On October 31, 1991, Haliva was convicted by the District Court, composed of Justices Shulamit Wallenstein, Yaakov Kedmi and Edna Shatzky, of murder. He was sentenced to life imprisonment for the murder of Orly Dubi. According to the verdict, Haliva contacted Dubi while they were travelling together on a bus. Dubi, who was tired, had asked the driver to wake her when they reached Netanya, but the driver had forgotten to stop. Haliva shouted "Netanya, Netanya", disembarking with her and saying that he would escort her there. The puncture shape of the bus card found on Dubi was the same. However, the bus drivers misidentified both Haliva and Dubi, claiming that he was around 25 and short, and she was short and chubby, while Shlomo was 34 years old and tall, and Orly skinny and tall. Haliva himself claimed that he had an alibi, allegedly staying at his parents' home in Kiryat Yam on that night. The judges ruled that after leaving the local cinema, he had noticed Dubi getting off the bus, following and befriending her.

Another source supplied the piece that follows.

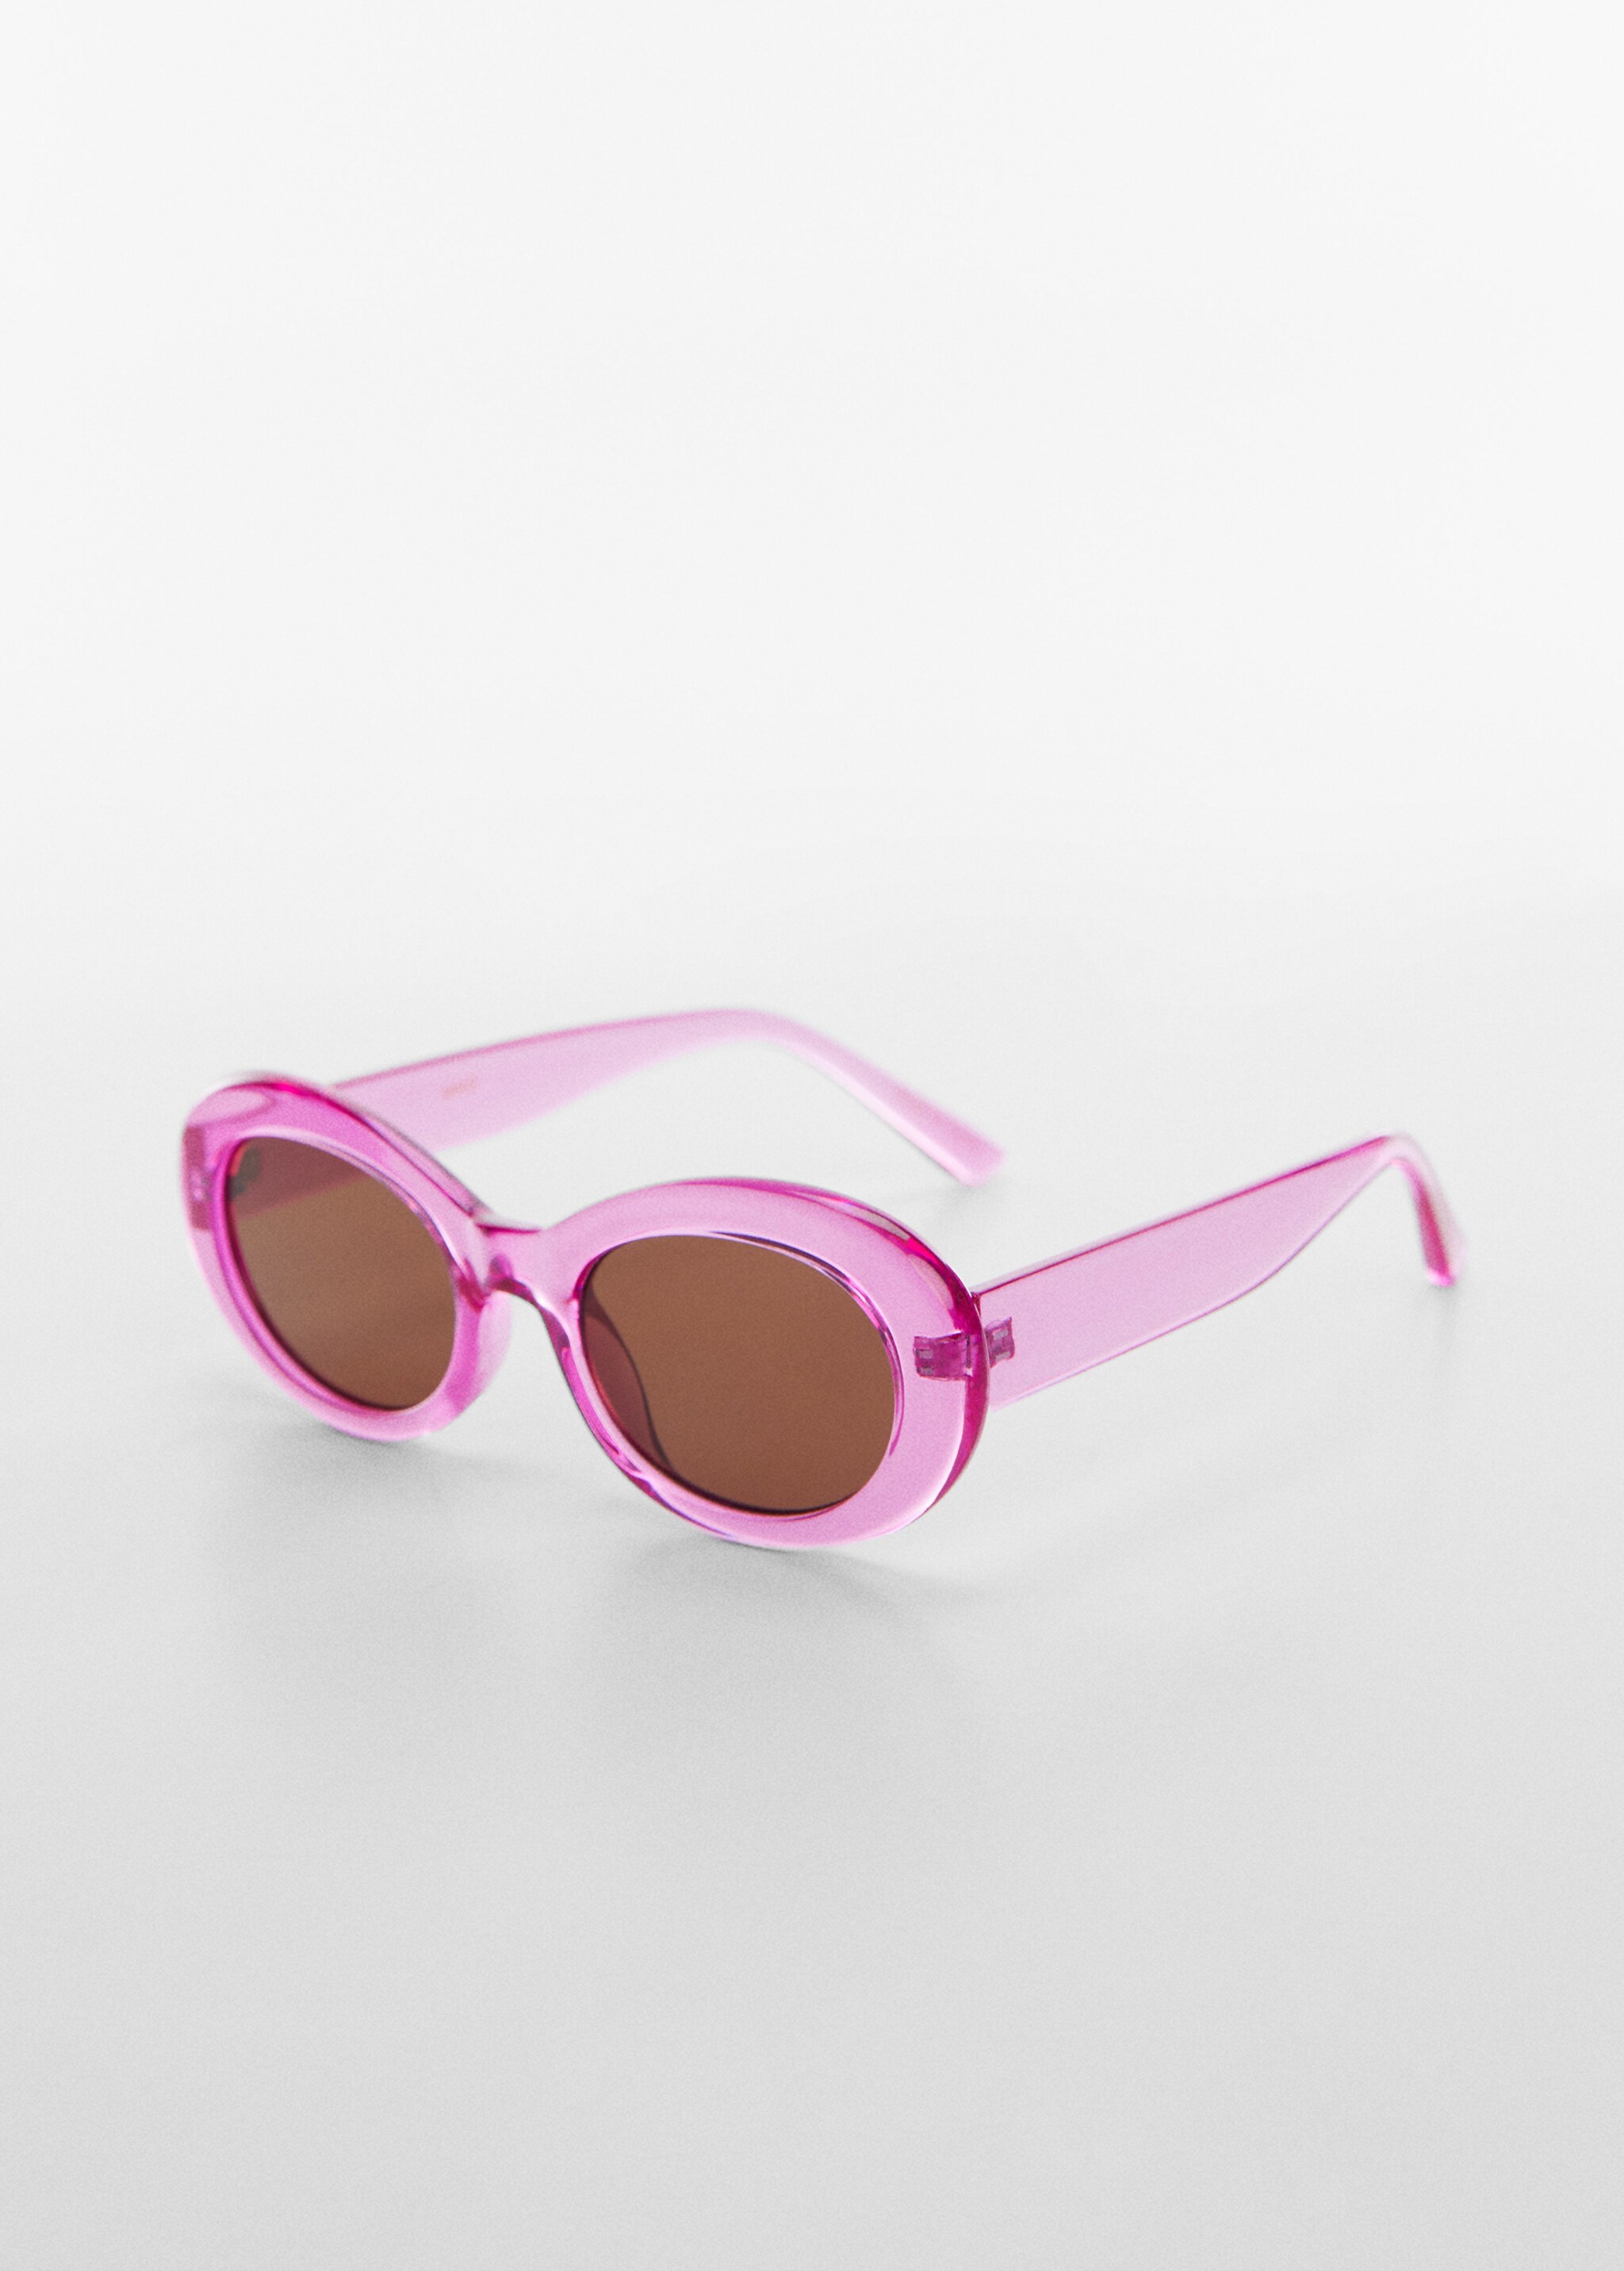 Semi-transparent frame sunglasses - Plan mediu

On October 17, 1995, his appeal to the Supreme Court was rejected unanimously in a ruling by Justices Eliyahu Matza, Yitzhak Zamir and Zvi Tal.

=== Coastal Highway murders ===
From the late 1960s to the mid-1980s, the bodies of at least ten young women were found along the Coastal Highway. Among them was that of soldier Rachel Heller, age 19, in 1974, whose body was found in the sand near the Sdot Yam kibbutz, and the body of British tourist Jacqueline Smith, age 24, whose body was found on May 26, 1972. At the time of these murders, Haliva worked as a milkman in prison, and he was periodically allowed prison leave. His files were destroyed, making it difficult to verify if he had been on leave from prison at the time of these murders, although there was some evidence, and it was even mentioned during one of the investigations that he had murdered the two women. Because there was no conclusive evidence, Haliva was never convicted, and another man, Amos Baranes, was even wrongfully convicted of Heller's murder. Baranes was imprisoned for eight and a half years before being released on a presidential pardon after a policeman concluded that he was innocent and the judge who had originally found him guilty reviewed the evidence and agreed. His conviction was overturned in 2002.

The murders were reminiscent in nature and cruelty to the murder of Orly Dubi, the only killing he has been convicted of, done while Shlomo was on prison leave. All victims had been strangled with clothing, their bodies were moved, a foreign object was inserted into the genitalia, they were stabbed with a sharp object and, in the murders of Heller and Smith, were mutilated with a peeler. A serial killer was suspected to be behind all the killings, but since the Israel Prison Service (IPS) could not give the exact dates of Haliva's prison leaves, it could not be determined if he was the culprit in the other murders.

In the second season of Shadow of Truth, airing on Hot, it was alleged that Haliva was the elusive "Coastal Highway Killer." The creators of the show complained that he threatened to harm them after they decided to visit him in prison. Following the second season of Shadow of Truth, the investigation files were reopened, but quickly led to dead ends, as they were not in-depth and lacked conclusive evidence.

===Aftermath and release===
Haliva never confessed or apologized for his actions, denying that he committed Dubi's killing, despite the fact that he revealed details only the killer would know. Also, prison informers have claimed he has bragged about numerous rapes and several murders.

After 47 years of imprisonment, Shlomo Haliva was released on April 19, 2024.